[Recorded data]
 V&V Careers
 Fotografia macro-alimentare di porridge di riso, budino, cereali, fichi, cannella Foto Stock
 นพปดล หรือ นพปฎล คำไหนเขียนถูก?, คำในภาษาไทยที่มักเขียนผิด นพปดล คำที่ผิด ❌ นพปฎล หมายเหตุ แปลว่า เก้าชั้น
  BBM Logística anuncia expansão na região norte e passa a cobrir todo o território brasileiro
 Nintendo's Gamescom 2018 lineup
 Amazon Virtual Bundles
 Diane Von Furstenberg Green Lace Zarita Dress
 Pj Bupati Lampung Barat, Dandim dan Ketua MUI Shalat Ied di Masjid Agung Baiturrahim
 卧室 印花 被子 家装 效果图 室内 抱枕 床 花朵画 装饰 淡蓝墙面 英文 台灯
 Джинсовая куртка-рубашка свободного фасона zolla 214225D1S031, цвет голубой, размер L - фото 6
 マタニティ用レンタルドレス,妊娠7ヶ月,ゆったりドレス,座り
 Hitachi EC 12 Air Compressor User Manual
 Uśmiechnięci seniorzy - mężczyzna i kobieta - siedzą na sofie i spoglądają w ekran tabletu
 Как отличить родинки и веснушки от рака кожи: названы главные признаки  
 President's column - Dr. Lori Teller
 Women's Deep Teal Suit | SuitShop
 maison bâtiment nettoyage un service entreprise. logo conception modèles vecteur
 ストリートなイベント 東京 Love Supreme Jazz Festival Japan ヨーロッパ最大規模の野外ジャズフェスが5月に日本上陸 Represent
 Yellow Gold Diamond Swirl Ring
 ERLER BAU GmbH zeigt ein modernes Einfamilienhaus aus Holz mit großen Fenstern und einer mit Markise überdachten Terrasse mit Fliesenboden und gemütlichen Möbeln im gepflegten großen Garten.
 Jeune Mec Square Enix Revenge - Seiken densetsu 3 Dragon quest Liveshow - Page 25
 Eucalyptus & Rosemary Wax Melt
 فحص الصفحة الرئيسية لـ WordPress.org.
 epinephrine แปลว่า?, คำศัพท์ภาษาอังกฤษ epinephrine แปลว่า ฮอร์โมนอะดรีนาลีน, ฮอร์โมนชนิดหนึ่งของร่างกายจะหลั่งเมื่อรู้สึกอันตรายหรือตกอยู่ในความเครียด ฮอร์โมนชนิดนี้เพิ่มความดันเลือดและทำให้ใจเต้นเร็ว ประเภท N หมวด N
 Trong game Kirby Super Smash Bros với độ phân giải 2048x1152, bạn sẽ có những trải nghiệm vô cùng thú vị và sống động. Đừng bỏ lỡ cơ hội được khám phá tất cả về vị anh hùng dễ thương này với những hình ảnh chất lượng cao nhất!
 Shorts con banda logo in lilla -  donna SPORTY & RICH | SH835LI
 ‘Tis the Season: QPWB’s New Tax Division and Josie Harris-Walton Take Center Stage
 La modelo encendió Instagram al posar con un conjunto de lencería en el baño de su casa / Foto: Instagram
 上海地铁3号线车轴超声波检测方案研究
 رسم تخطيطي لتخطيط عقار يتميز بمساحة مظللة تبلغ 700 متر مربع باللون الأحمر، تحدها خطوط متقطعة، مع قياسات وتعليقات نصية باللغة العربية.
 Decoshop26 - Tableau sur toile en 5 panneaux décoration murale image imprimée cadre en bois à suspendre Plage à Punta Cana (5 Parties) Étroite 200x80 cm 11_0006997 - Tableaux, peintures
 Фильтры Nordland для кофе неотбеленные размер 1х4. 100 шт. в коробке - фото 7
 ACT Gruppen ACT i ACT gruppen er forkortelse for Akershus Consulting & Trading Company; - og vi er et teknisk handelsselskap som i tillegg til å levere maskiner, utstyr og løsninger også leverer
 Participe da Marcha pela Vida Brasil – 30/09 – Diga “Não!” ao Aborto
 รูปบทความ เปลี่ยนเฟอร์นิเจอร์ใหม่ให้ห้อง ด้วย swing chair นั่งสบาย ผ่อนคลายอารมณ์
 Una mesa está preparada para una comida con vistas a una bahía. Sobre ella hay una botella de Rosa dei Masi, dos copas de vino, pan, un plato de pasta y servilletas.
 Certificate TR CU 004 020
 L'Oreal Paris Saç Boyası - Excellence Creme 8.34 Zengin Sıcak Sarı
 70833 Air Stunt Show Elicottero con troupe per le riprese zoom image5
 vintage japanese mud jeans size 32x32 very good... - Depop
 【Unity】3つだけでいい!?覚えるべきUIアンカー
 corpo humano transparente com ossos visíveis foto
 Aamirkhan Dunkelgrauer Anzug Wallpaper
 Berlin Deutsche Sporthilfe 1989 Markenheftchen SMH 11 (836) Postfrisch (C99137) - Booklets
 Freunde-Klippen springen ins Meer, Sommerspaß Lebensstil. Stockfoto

Work order :: Set down, unchanged, only those lines above that fall between the line with "นพปดล หรือ นพปฎล" and the line with "上海地铁3号线车轴超声波检测方案研究", the two end lines included.

Response area ::
 นพปดล หรือ นพปฎล คำไหนเขียนถูก?, คำในภาษาไทยที่มักเขียนผิด นพปดล คำที่ผิด ❌ นพปฎล หมายเหตุ แปลว่า เก้าชั้น
  BBM Logística anuncia expansão na região norte e passa a cobrir todo o território brasileiro
 Nintendo's Gamescom 2018 lineup
 Amazon Virtual Bundles
 Diane Von Furstenberg Green Lace Zarita Dress
 Pj Bupati Lampung Barat, Dandim dan Ketua MUI Shalat Ied di Masjid Agung Baiturrahim
 卧室 印花 被子 家装 效果图 室内 抱枕 床 花朵画 装饰 淡蓝墙面 英文 台灯
 Джинсовая куртка-рубашка свободного фасона zolla 214225D1S031, цвет голубой, размер L - фото 6
 マタニティ用レンタルドレス,妊娠7ヶ月,ゆったりドレス,座り
 Hitachi EC 12 Air Compressor User Manual
 Uśmiechnięci seniorzy - mężczyzna i kobieta - siedzą na sofie i spoglądają w ekran tabletu
 Как отличить родинки и веснушки от рака кожи: названы главные признаки  
 President's column - Dr. Lori Teller
 Women's Deep Teal Suit | SuitShop
 maison bâtiment nettoyage un service entreprise. logo conception modèles vecteur
 ストリートなイベント 東京 Love Supreme Jazz Festival Japan ヨーロッパ最大規模の野外ジャズフェスが5月に日本上陸 Represent
 Yellow Gold Diamond Swirl Ring
 ERLER BAU GmbH zeigt ein modernes Einfamilienhaus aus Holz mit großen Fenstern und einer mit Markise überdachten Terrasse mit Fliesenboden und gemütlichen Möbeln im gepflegten großen Garten.
 Jeune Mec Square Enix Revenge - Seiken densetsu 3 Dragon quest Liveshow - Page 25
 Eucalyptus & Rosemary Wax Melt
 فحص الصفحة الرئيسية لـ WordPress.org.
 epinephrine แปลว่า?, คำศัพท์ภาษาอังกฤษ epinephrine แปลว่า ฮอร์โมนอะดรีนาลีน, ฮอร์โมนชนิดหนึ่งของร่างกายจะหลั่งเมื่อรู้สึกอันตรายหรือตกอยู่ในความเครียด ฮอร์โมนชนิดนี้เพิ่มความดันเลือดและทำให้ใจเต้นเร็ว ประเภท N หมวด N
 Trong game Kirby Super Smash Bros với độ phân giải 2048x1152, bạn sẽ có những trải nghiệm vô cùng thú vị và sống động. Đừng bỏ lỡ cơ hội được khám phá tất cả về vị anh hùng dễ thương này với những hình ảnh chất lượng cao nhất!
 Shorts con banda logo in lilla -  donna SPORTY & RICH | SH835LI
 ‘Tis the Season: QPWB’s New Tax Division and Josie Harris-Walton Take Center Stage
 La modelo encendió Instagram al posar con un conjunto de lencería en el baño de su casa / Foto: Instagram
 上海地铁3号线车轴超声波检测方案研究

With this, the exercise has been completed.